### Data provided ###

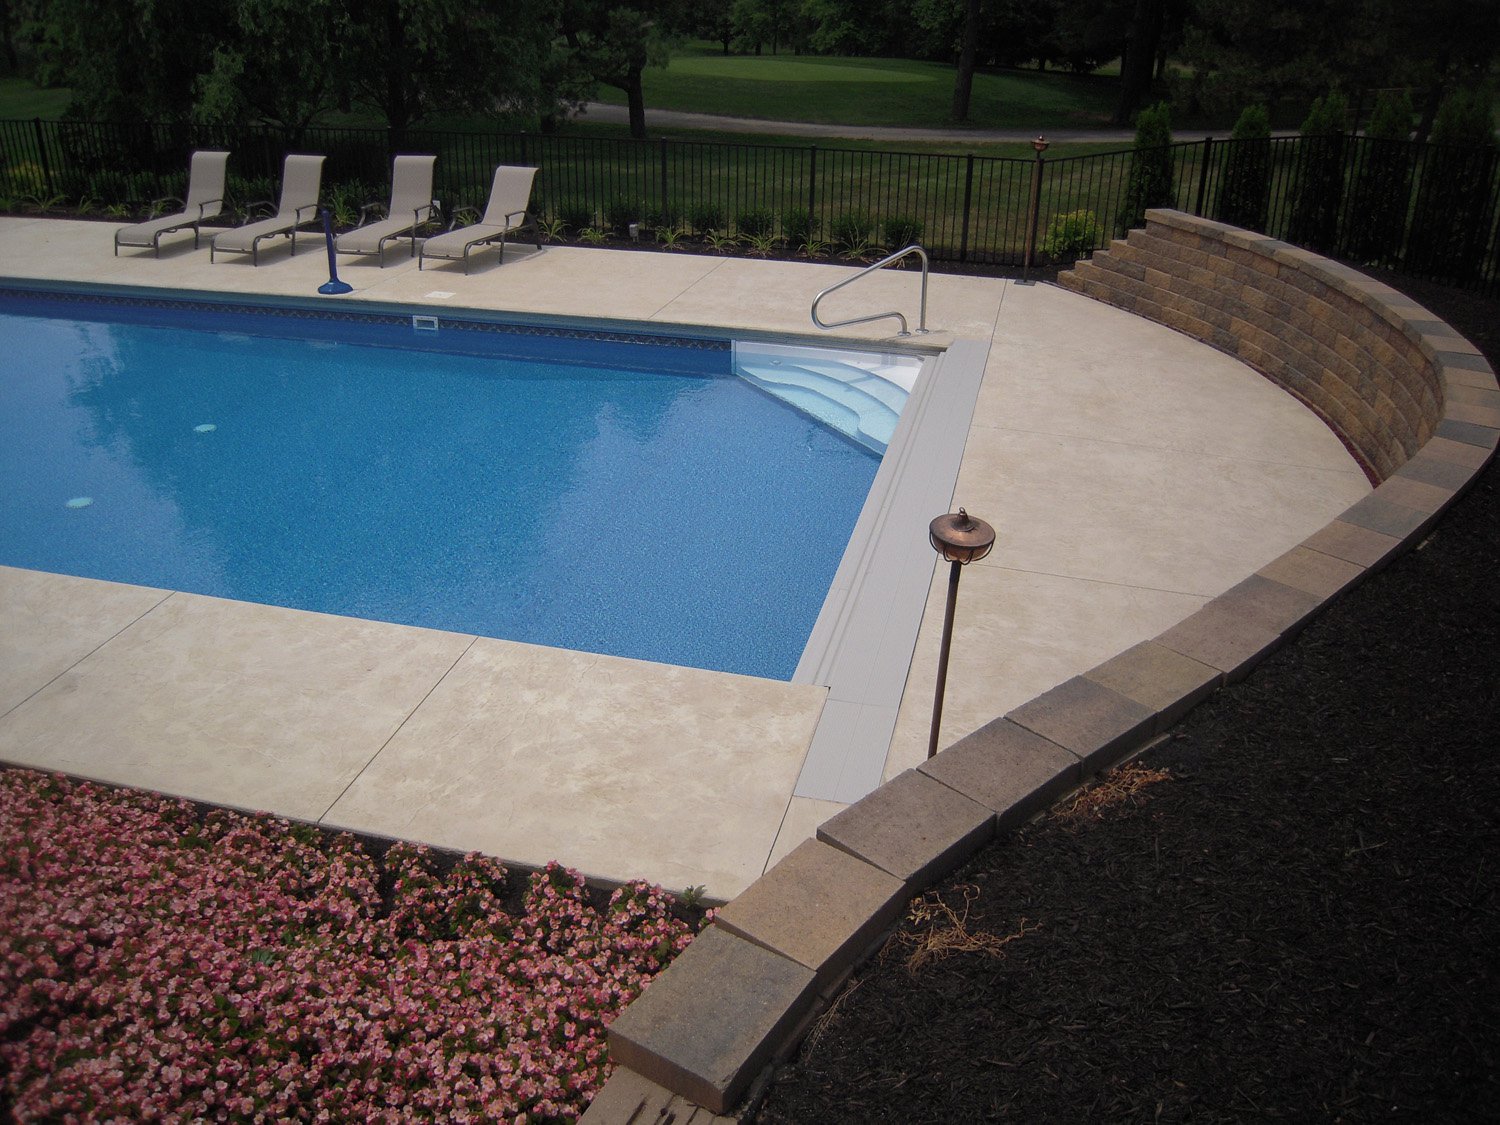 zb20x40___Rect___auto_cover___Swimming_pool___Vinyl___145 Envision Pools
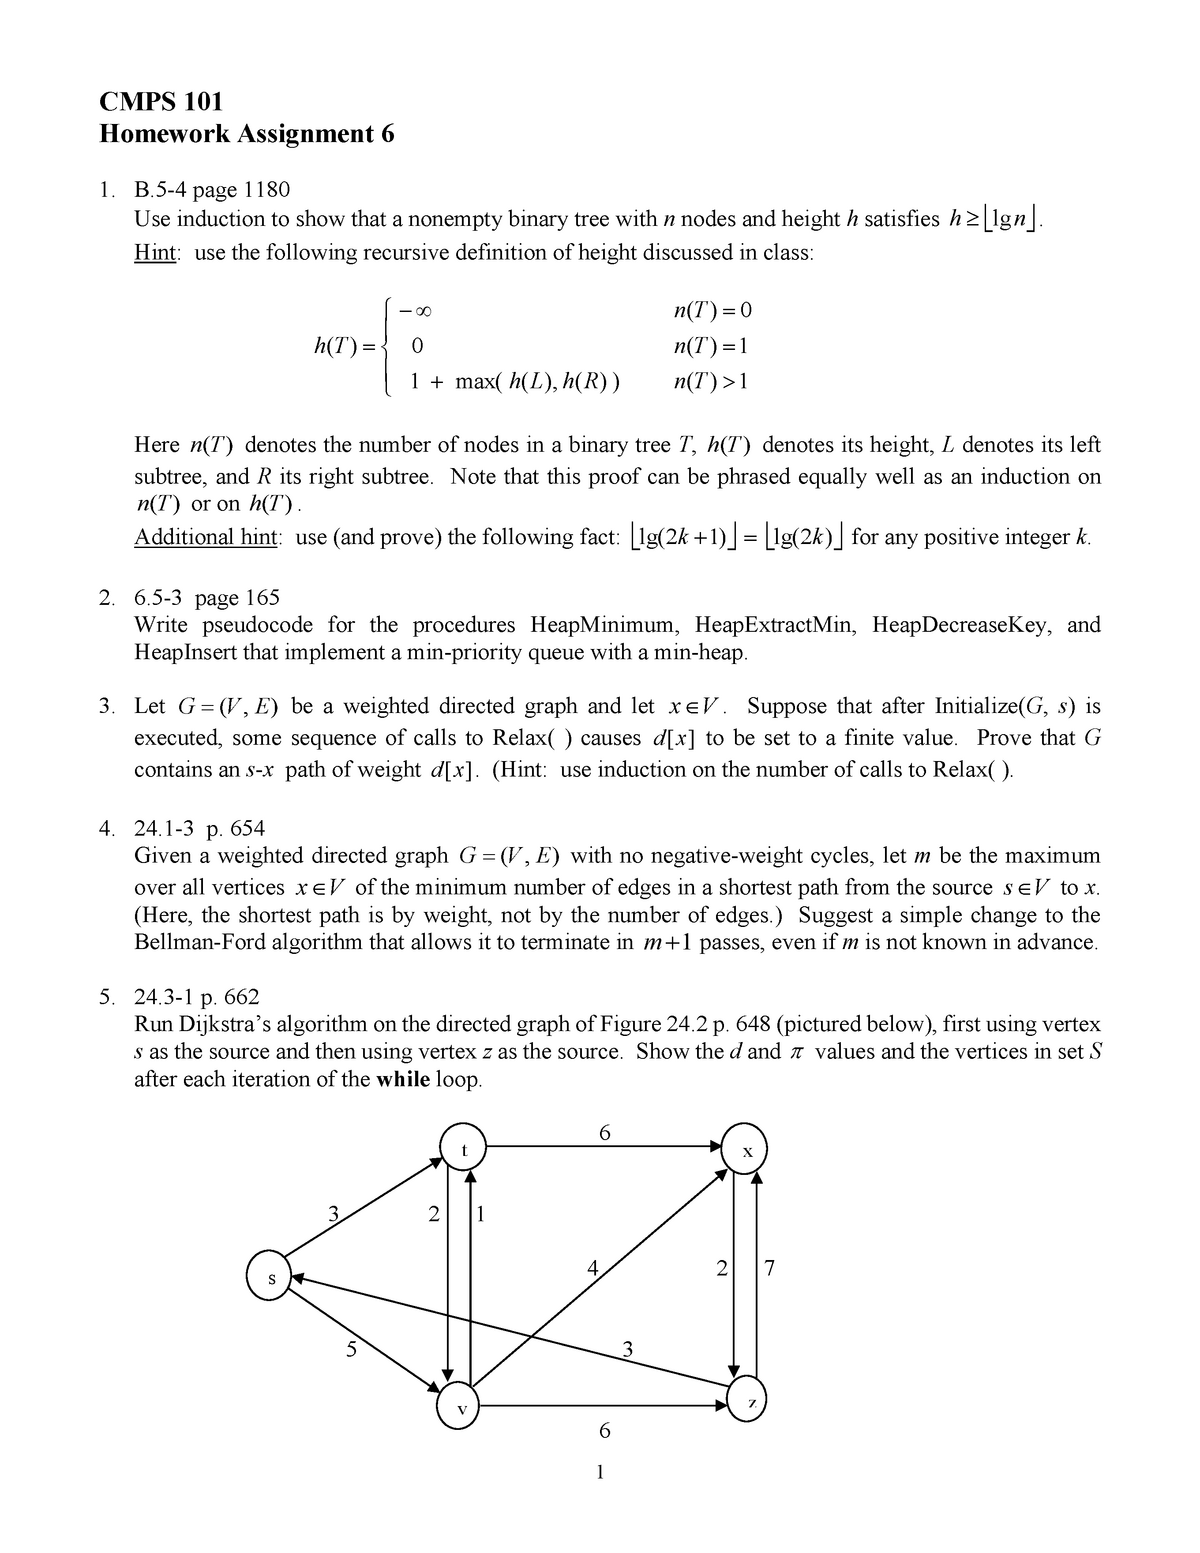 Hw6 Hw6 Cmps 101 Homework Assignment Page 1180 Use Induction To Show That Nonempty Binary Tree With Nodes And Height Satisfies Hint Use The Following Studocu
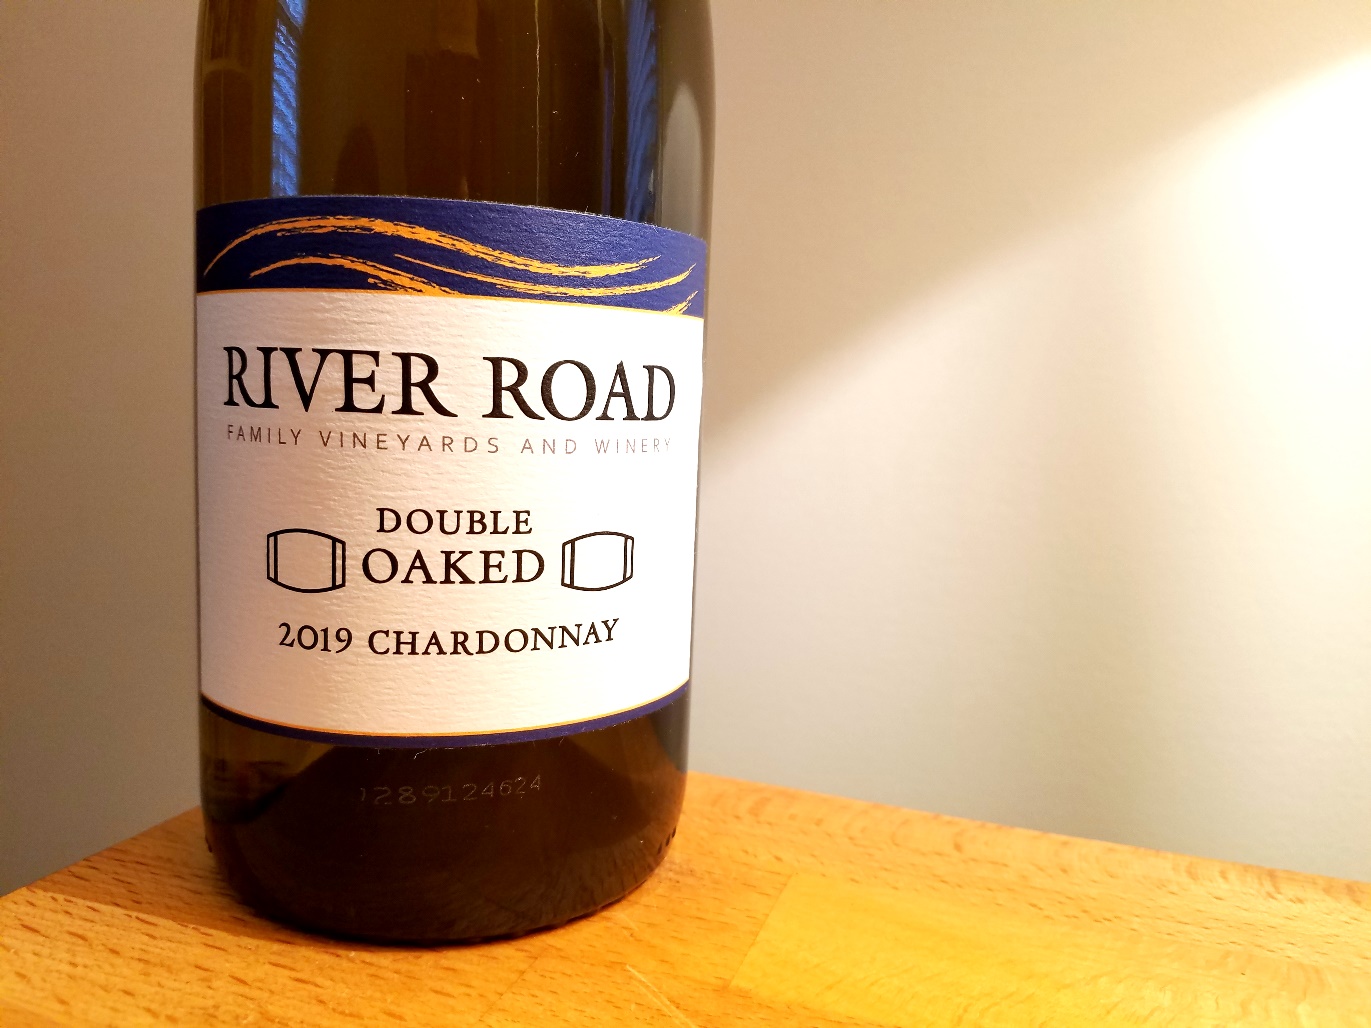 River Road Family Vineyards and Winery, Double Oaked Chardonnay 2019, California, Wine Casual
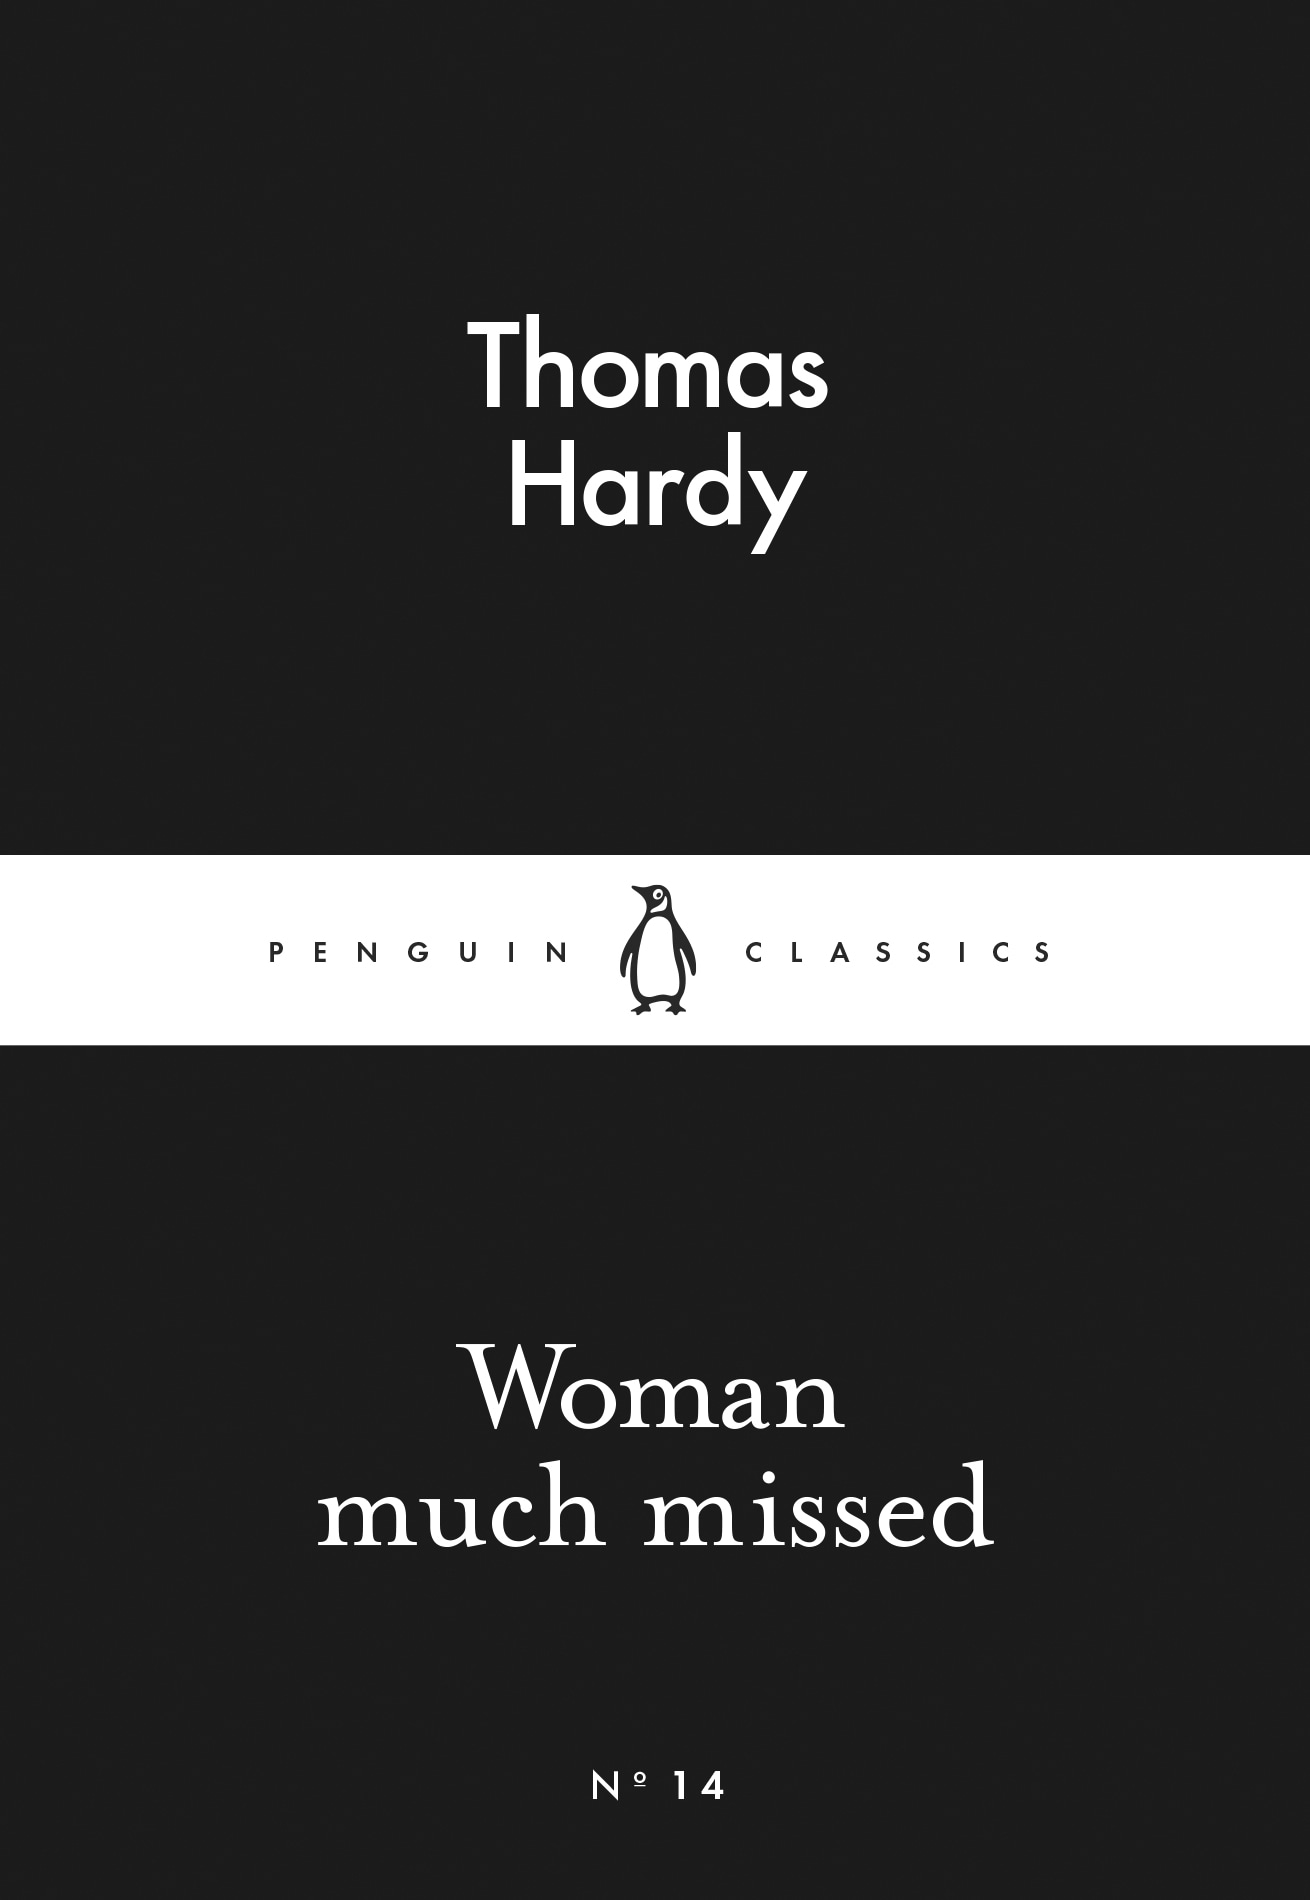 Book “Woman Much Missed” by Thomas Hardy — February 26, 2015

###

_Brief_
Excluding the images, copy all of the material above verbatim.

_Your solution_
 zb20x40___Rect___auto_cover___Swimming_pool___Vinyl___145 Envision Pools
 Hw6 Hw6 Cmps 101 Homework Assignment Page 1180 Use Induction To Show That Nonempty Binary Tree With Nodes And Height Satisfies Hint Use The Following Studocu
 River Road Family Vineyards and Winery, Double Oaked Chardonnay 2019, California, Wine Casual
 Book “Woman Much Missed” by Thomas Hardy — February 26, 2015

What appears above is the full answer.